Стихи Воздвиженского казались ручными, со слипшимися крылышками; и, как вылупившиеся птенцы хоацинов, сидели на ладони, в ужасе вцепляясь в палец всеми своими коготками, боясь навернуться и упасть – но, безусловно, были живыми.
Дурацкую гордость. Дурацкую пигмалионскую гордость. Что еще она могла испытывать, вертя в руках эти волглые от пара бумажки? Гордость, что предузнала, точно как у Кафки (которого штудировала как раз в этот момент в универе на немецком) с его любимым многозначным словечком «erkennen» – узнать в смысле распознать.
Нет, несомненно, что-то в них было, в этих только что проклюнувшихся цыплятах хоацина…

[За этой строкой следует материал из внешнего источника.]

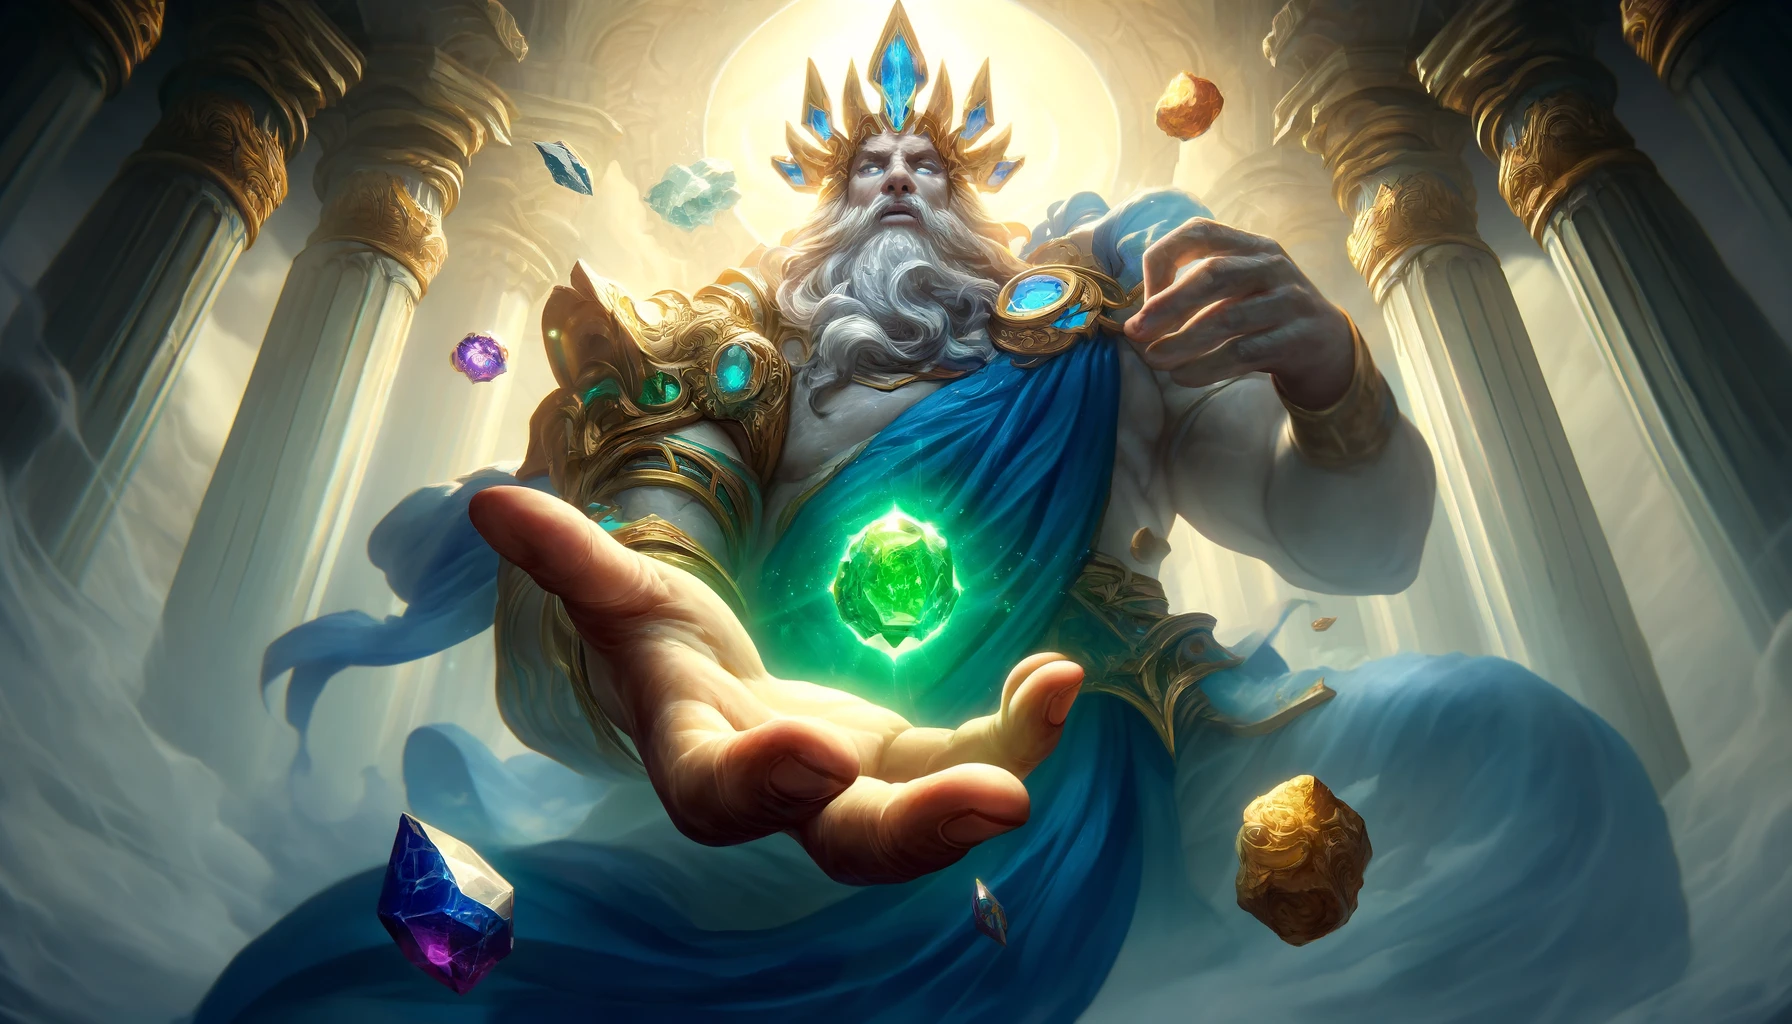 The regal giant Thanos holds the green time stone floating above her in his palm.

Татьяна отбыла с наследником в Польшу, шалопайски пообещав, впрочем, очень скорую встречу – причем даже вместе с Иоанном Павлом Вторым:
– Друзья мои, назначаю вам всем свидание в августе в Польше. Иоанн Павел Второй приезжает в Ченстохову встречаться с христианской молодежью со всего мира. Бегите скорее в костел на Тургеневской, и записывайтесь в поездку.
И даже Воздвиженский заявил, что непременно, непременно поедет побалакать с Иоанном-то Павлом.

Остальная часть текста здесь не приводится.